The Nominated Subcontractor will be responsible for the design, supply, and putting into operation of the Integrated Operating Systems (SIO) of the Line 3 Project, including Monorail type of Rolling Stock, signaling system, train control based on CBTC technology and communication system, control center, traction power system and low-voltage transformation system, track switches and automatic platform doors, among other responsibilities.
This transaction’s complexity was mainly that the contractual terms and conditions of the Nominated Subcontractor’s contract had to be agreed with Metro de Panama, S.A. as the Project’s Owner, but not as a party of the said contract between the Nominated subcontractor and the Main Contractor. Such terms and conditions, which had to
anticipate the contractual relationship with the resulting Main Contractor of the Line 3 Project bidding process, are to be reflected as part of said bidding process’ bid documents.

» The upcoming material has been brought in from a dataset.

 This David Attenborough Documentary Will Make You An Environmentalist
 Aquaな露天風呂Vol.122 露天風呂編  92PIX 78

The Metro of Panama is the most important public infrastructure project under development in the Republic of Panama and the first of its class in Central America.

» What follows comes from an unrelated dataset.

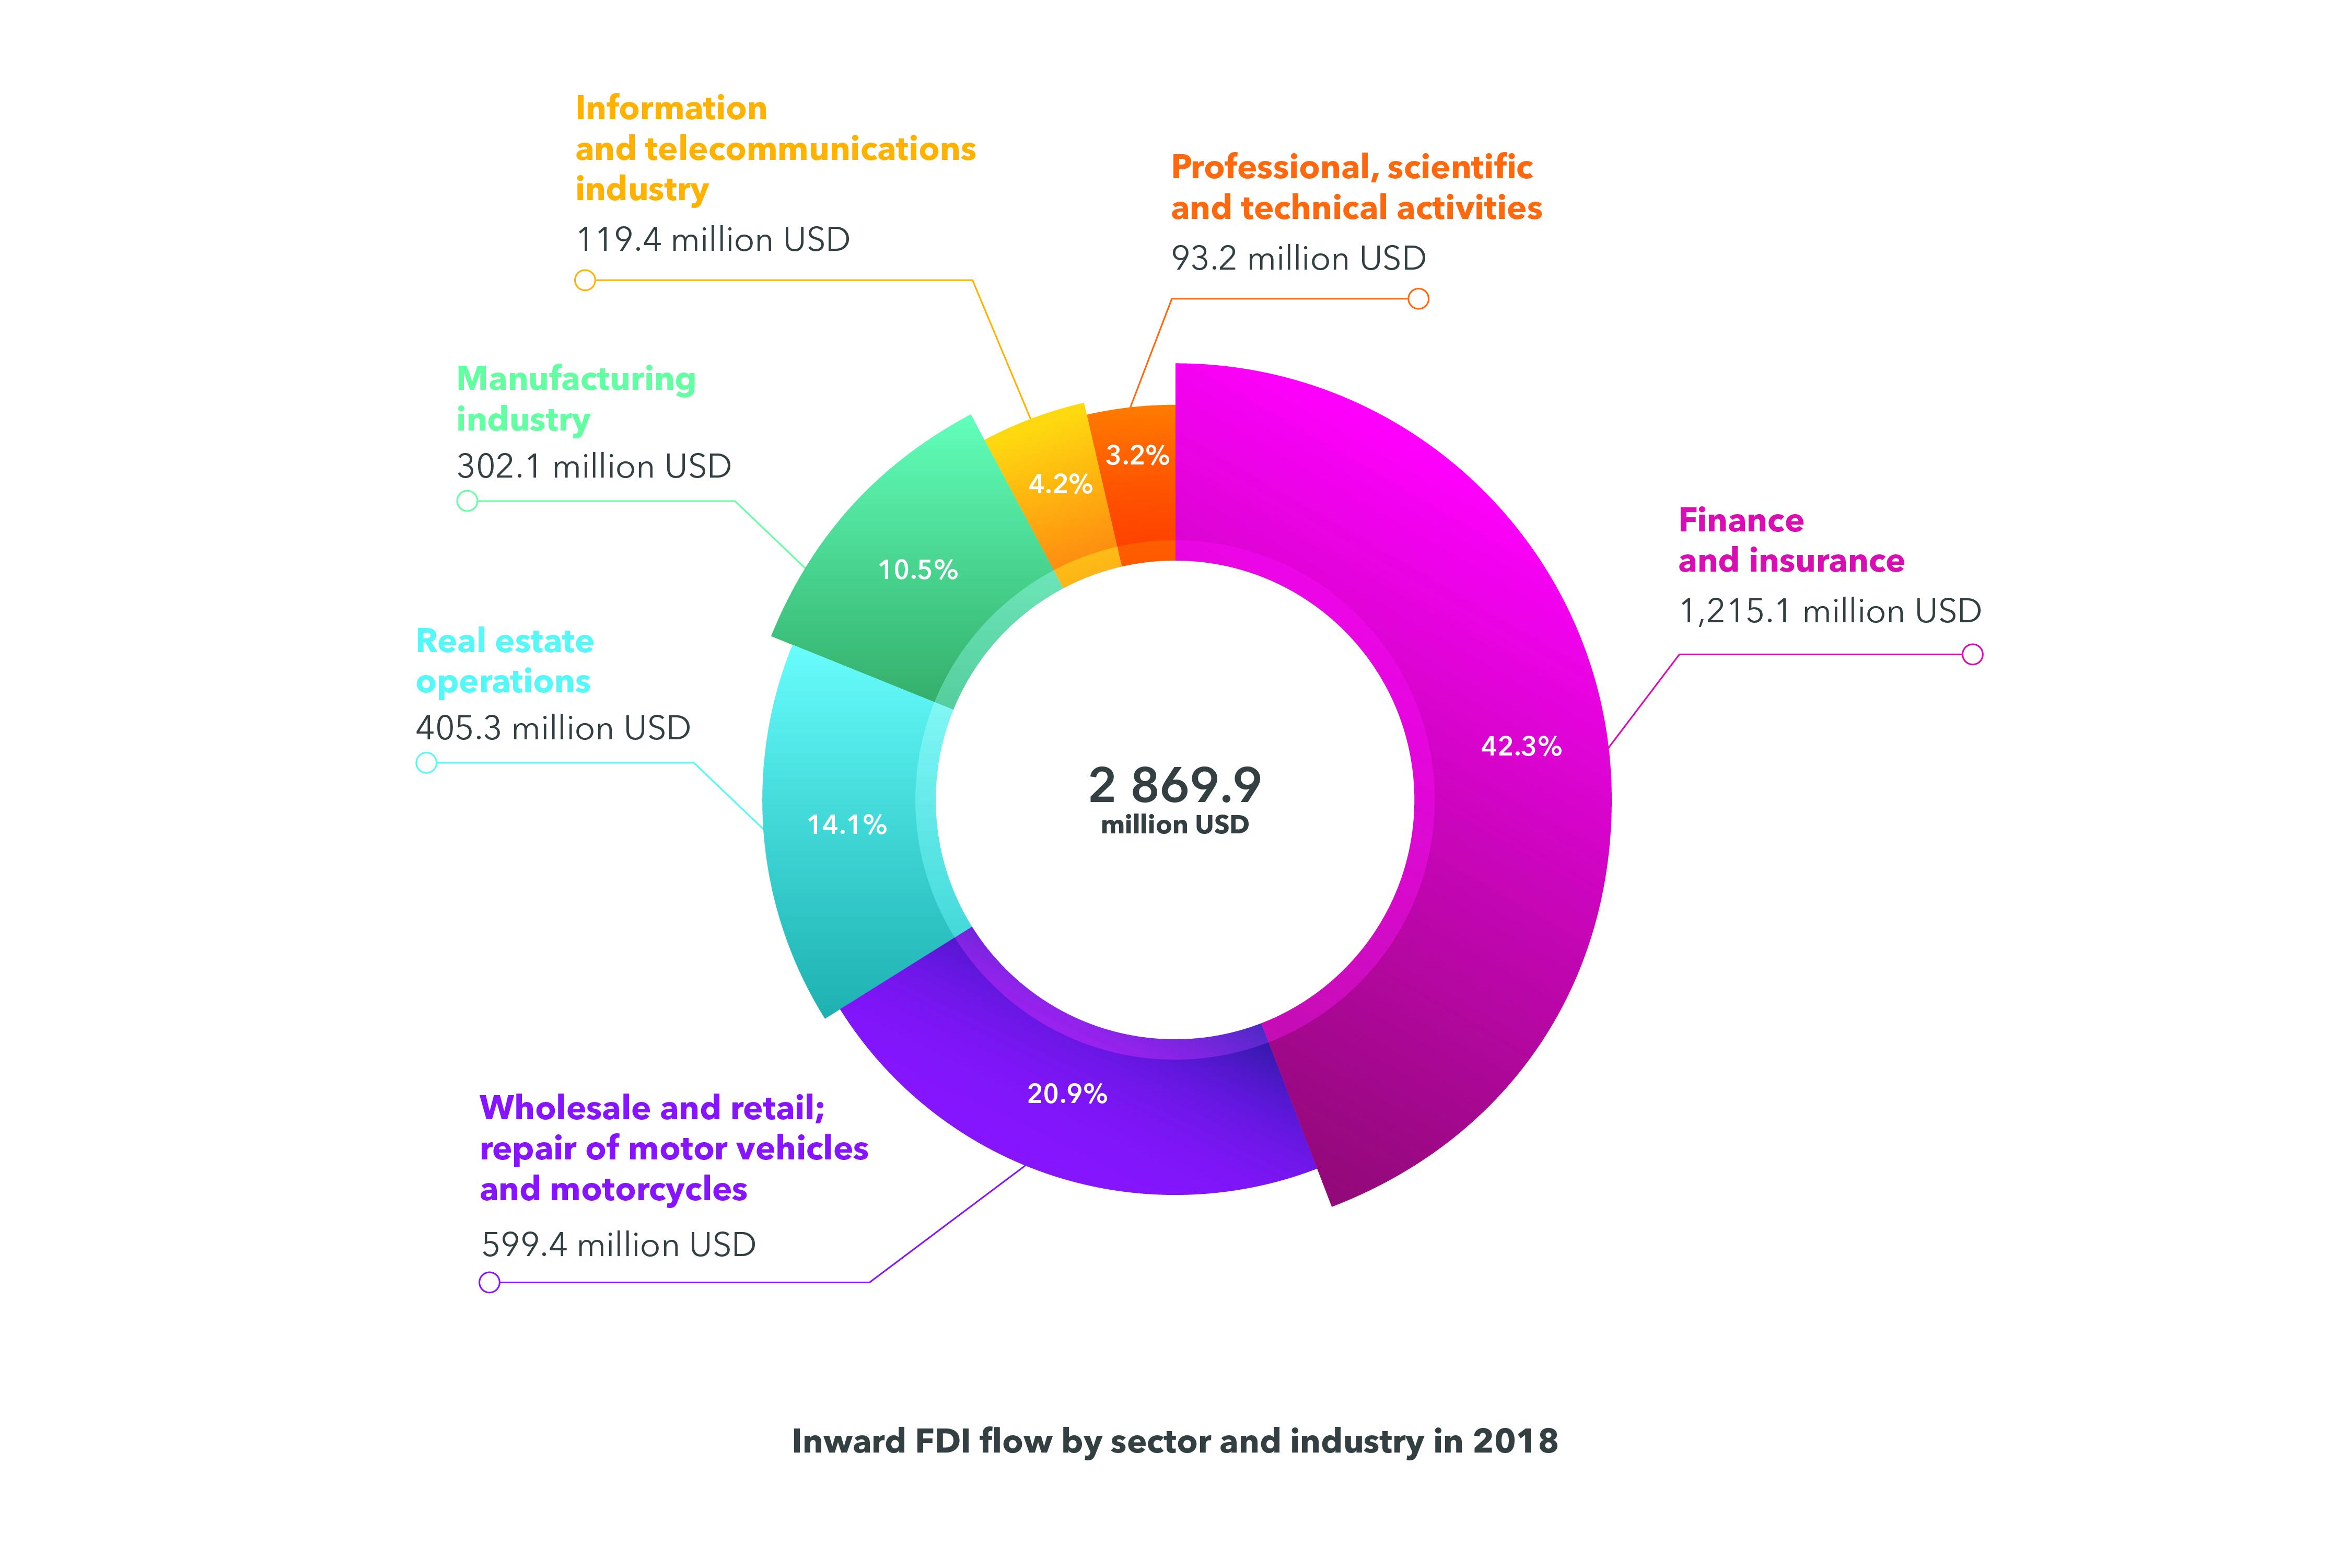 Direct international investments - industries - DLF lawyers Ukraine

Morgan & Morgan advised Banistmo Investment Corporation with respect to the financing of the first LNG terminal in Panama
Morgan & Morgan advised Banistmo Investment Corporation, S.A. as holder of local collateral of several energy projects and the most recent being the Gas Natural Atlantico, S. de R.L. and Costa Norte LNG Terminal S. de R.L. LNG project locate in the province of Colon, Panama, which is an approximately US$600 million financing.
This is a cross-border transaction involved attorneys from United States of America and Panama. The matter is from 2016 however the firm continue to advise in issues that arise from the financing.
Senior associate Kharla Aizpurua Olmos, participated in this transaction.
Morgan & Morgan advised Thesan with respect to a US$11.5 million finance for the development and operation of solar energy project El Espinal
Morgan & Morgan acted as Panamanian counsel to Thesan with respect to a US$11.5 Million Dollars Project Finance facility granted by CIFI (Corporación Interamericana para el Financiamiento de Infraestructura, S.A.) for the development and operation of a solar photovoltaic power plant “El Espinal”, with an installed capacity of 8.5MW in the Republic of Panama.
Partner Ramon Varela, and associate Ana Carolina Castillo, participated in this transaction.
Morgan & Morgan advised OeEB, FMO and Proparco in connection with a Loan Agreement for an amount of up to US$45 million
Morgan & Morgan acted as Panamanian counsel to Oesterreichische Entwicklungsbank AG (OeEB), Nederlandse Financierings-Maatschappij voor Ontwikkelingslanden N.V. (FMO) and Societe de Promotion et de Participation pour la Cooperation Economique (Proparco), in connection with a US$45,000,000.00 credit facility granted by said financial institutions to Corporación Interamericana para el Financiamiento de Infraestructura, S.A. (CIFI).
Partner Inocencio Galindo and associate Roberto Vidal, participated in this transaction.